A couple of weeks ago at the OpenStack Folsom Summit, Mark McClain pointed out an interesting code snippet he had discovered in the Nova sources:
nova/utils.py
339script_dir = os.path.dirname(inspect.stack()[-1][1])
The code is part of the logic to find a configuration file that lives in a directory relative to where the application startup script is located. It looks at the call stack to find the main program, and picks the filename out of the stack details.
The code seems to be taken from a response to a StackOverflow question, and when I saw it I thought it looked like a case of someone going to more trouble than was needed to get the information. Mark had a similar reaction, and asked if I knew of a simpler way to determine the program name.
I thought it looked like a case of someone going to more trouble than was needed…
Similar examples with inspect.stack()
appear in four places in
the Nova source code (at last as-of today). All of them are either
building filenames relative to the location of the original “main”

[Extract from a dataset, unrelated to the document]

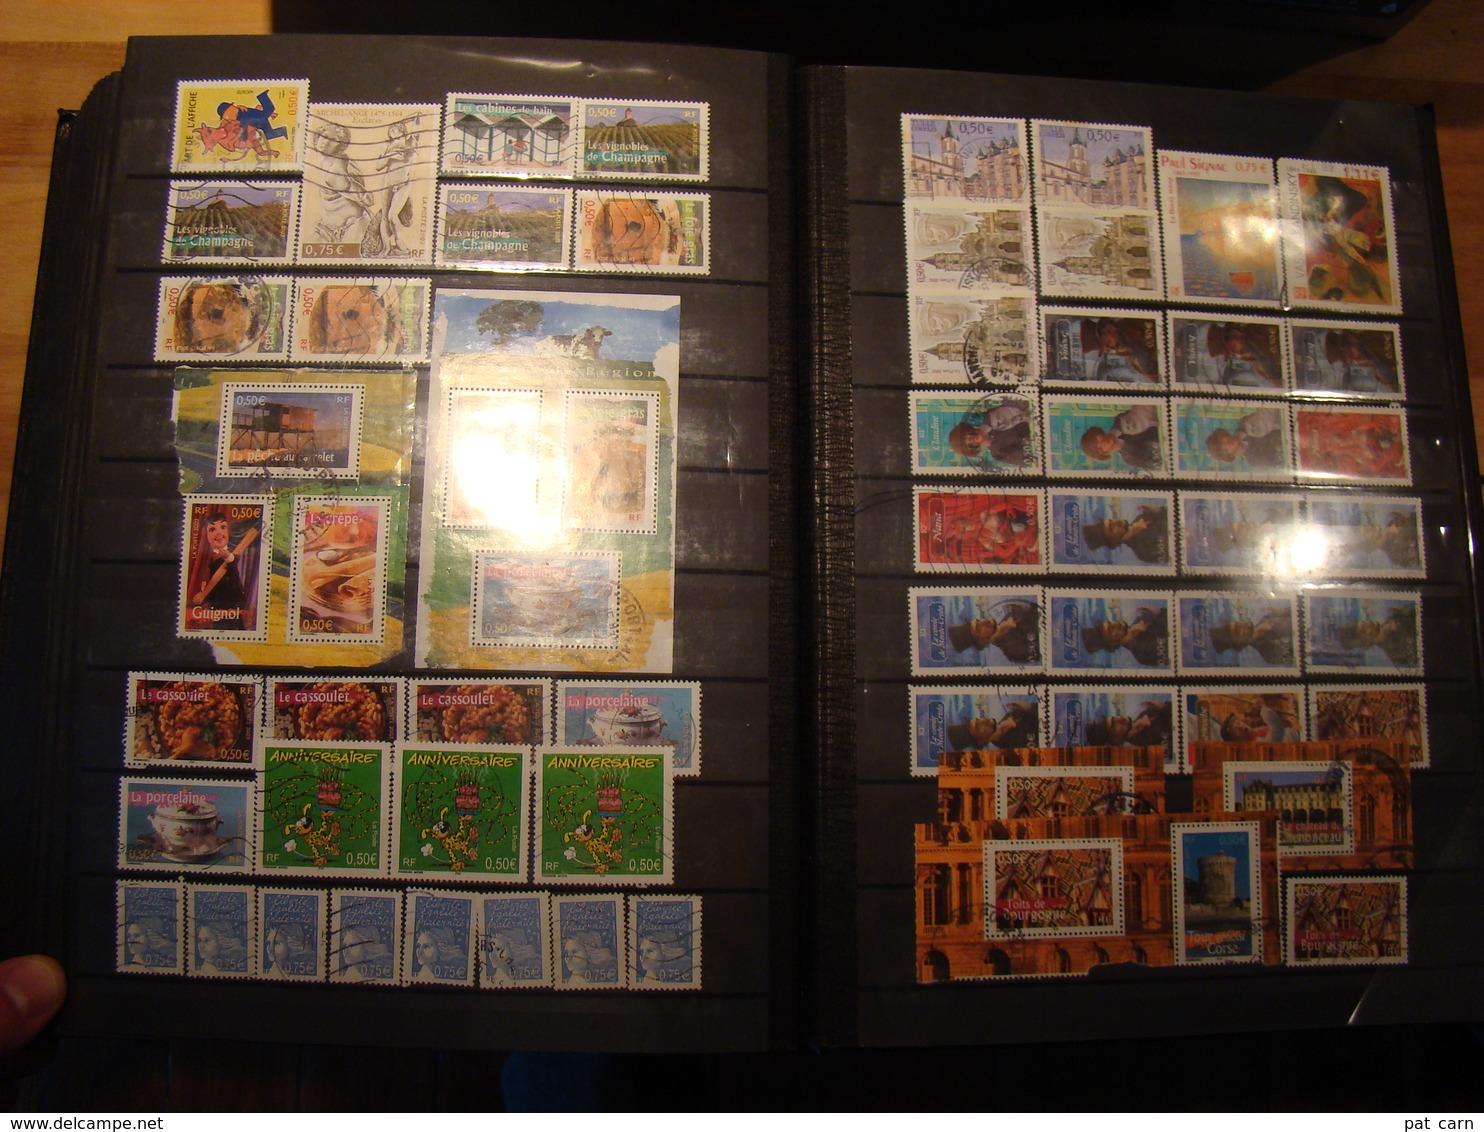 En classeur de 64 pages, stock de près de 2200 timbres de France, à voir
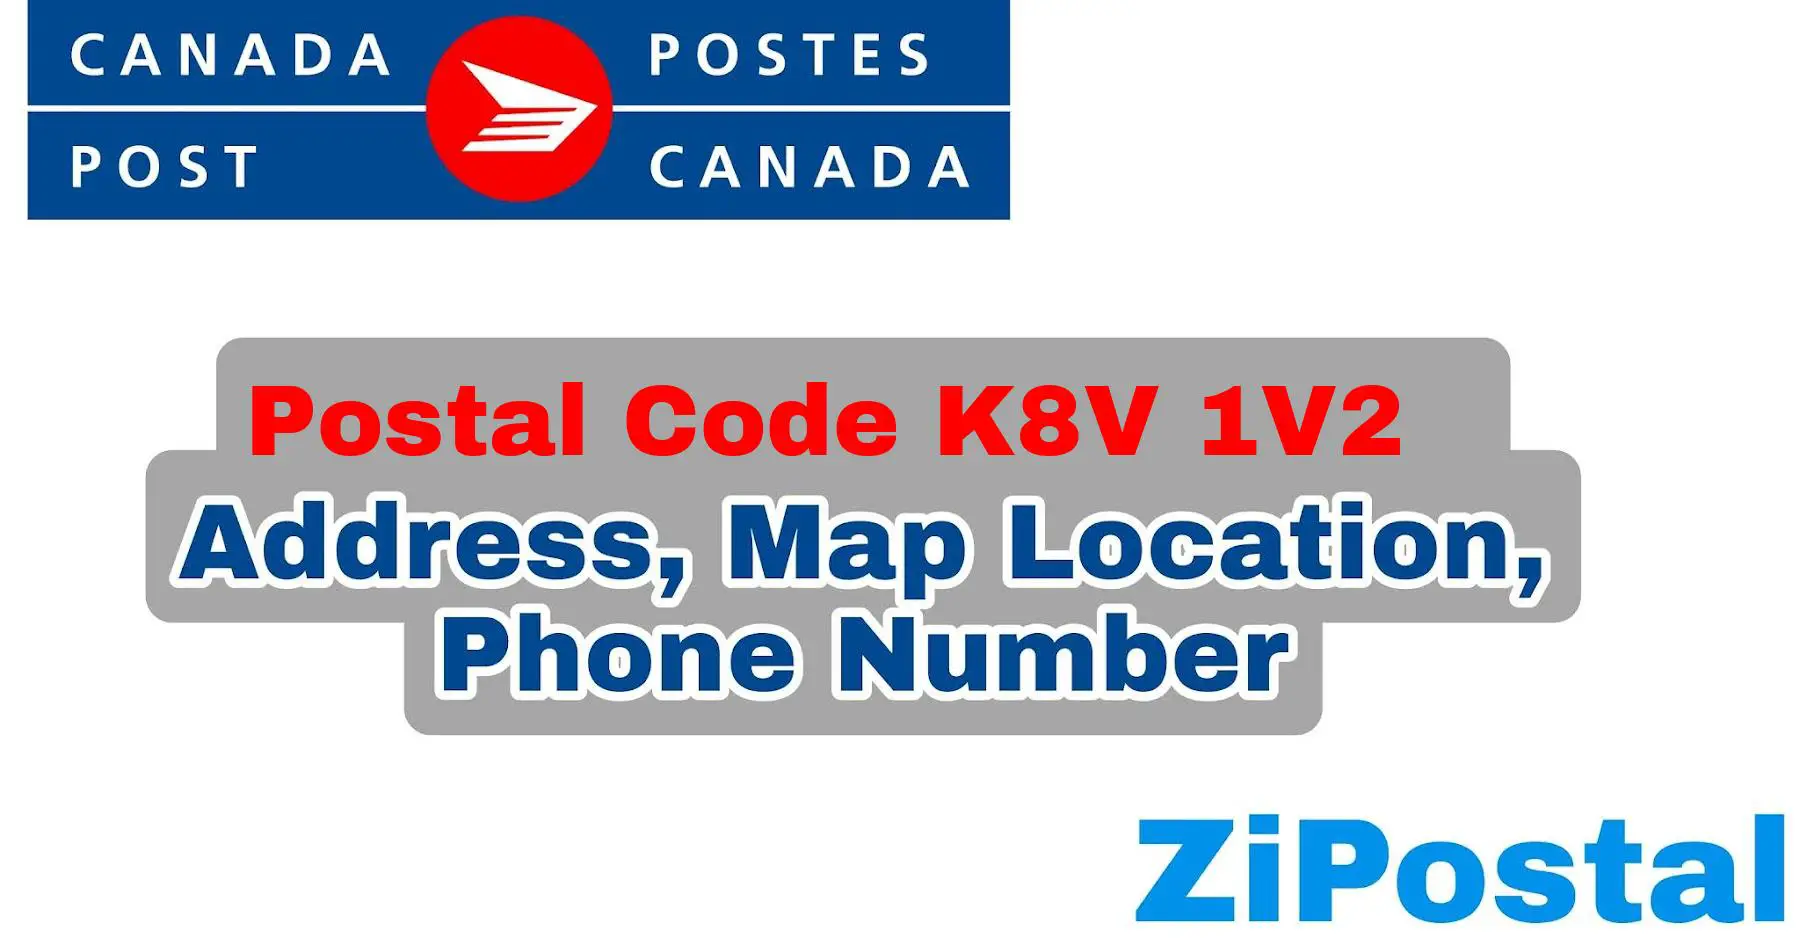 Postal Code K8V 1V2 Address Map Location and Phone Number

program, or are returning the name of that program to be used to build
a path to another file (such as a log file or other program). Those
are all good reasons to be careful about the location and name of the
main program, but none explain why the obvious solution isn’t good
enough. I assumed that if the OpenStack developers were looking at
stack frames there must have been a reason. I decided to examine the
original code and spend a little time deciphering what it is doing,
and especially to see if there were cases where it did not work as
desired (so I could justify a patch).
The Stack
The call to inspect.stack()
retrieves the Python interpreter stack
frames for the current thread. The return value is a list with
information about the calling function in position and the “top” of
the stack at the end of the list. Each item in the list is a tuple
containing:
- the stack frame data structure
- the filename for the code being run in that frame
- the line number within the file
- the
co_name
member of the code object from the frame, giving the function or method name being executed - the source lines for that bit of code, when available
- an index into the list of source lines showing the actual source line for the frame
show_stack.py
1import inspect
2
3
4def show_stack():
5 stack = inspect.stack()
6 for s in stack:
7 print 'filename:', s[1]
8 print 'line :', s[2]
9 print 'co_name :', s[3]
10 print
11
12
13def inner():
14 show_stack()
15
16
17def outer():
18 inner()
19
20
21if __name__ == '__main__':
22 outer()
The information is intended to be used for generating tracebacks or by
tools like pdb
when debugging an application (although pdb
has its
own implementation). To answer the question “Which program am I
running in?” the filename is the most interesting piece of data.
$ python show_stack.py
filename: show_stack.py
line : 6
co_name : show_stack
filename: show_stack.py
line : 15
co_name : inner
filename: show_stack.py
line : 19
co_name : outer
filename: show_stack.py
line : 23
co_name : <module>
One obvious issue with these results is that the filename in the stack frame is relative to the start up directory of the application. It could lead to an incorrect path if the process has changed its working directory between startup and checking the stack. But there is another mode where looking at the top of the stack produces completely invalid results.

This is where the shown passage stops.